■ PROBLEM DETAILS ■
Print every line below exactly. Skip the pictures.

■ DATASET EXCERPT ■
-*-
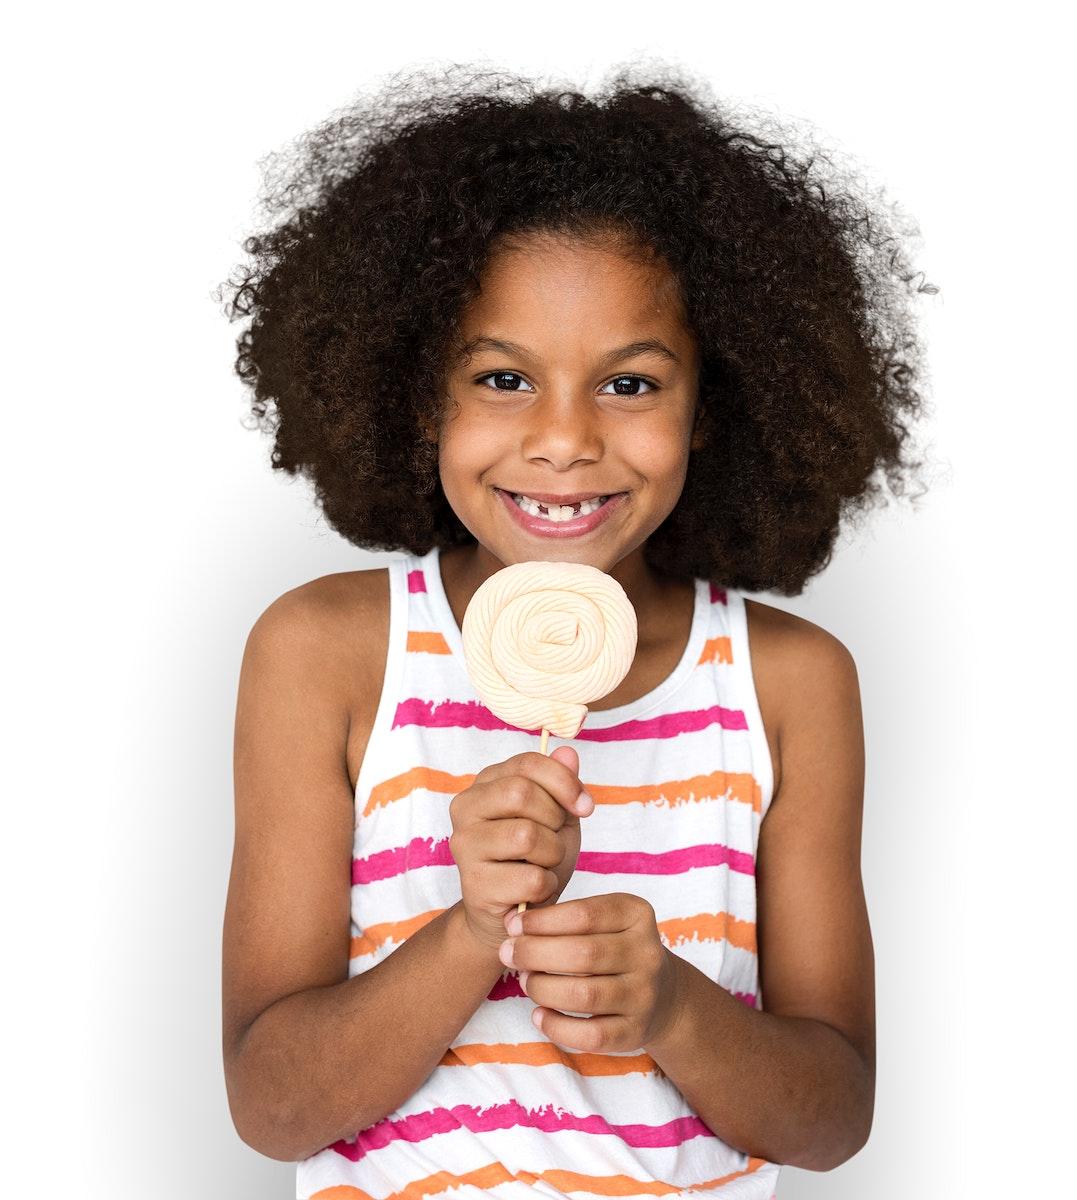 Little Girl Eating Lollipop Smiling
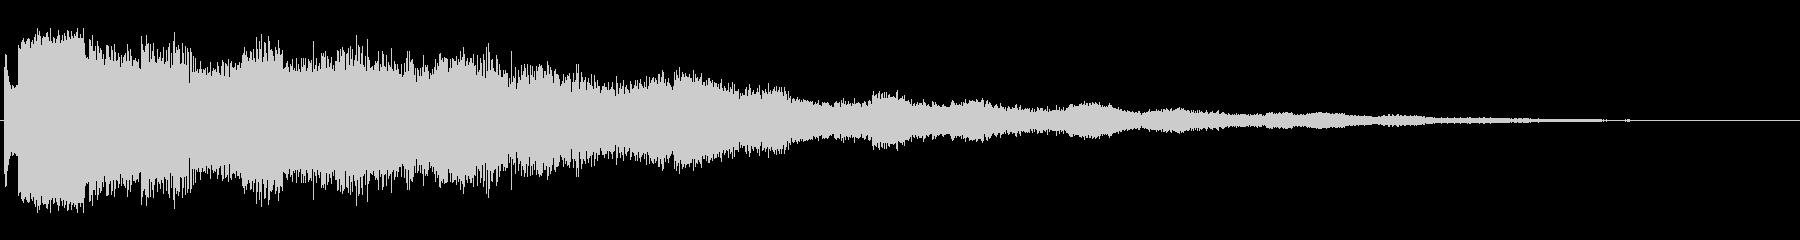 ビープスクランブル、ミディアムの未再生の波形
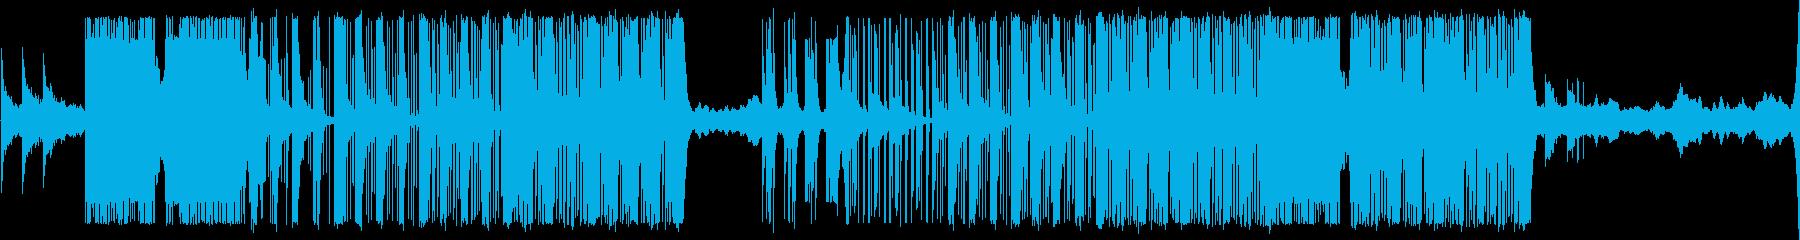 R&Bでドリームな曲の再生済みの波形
-*-
■ RESULT FOR THIS TASK ■
 Little Girl Eating Lollipop Smiling
 ビープスクランブル、ミディアムの未再生の波形
 R&Bでドリームな曲の再生済みの波形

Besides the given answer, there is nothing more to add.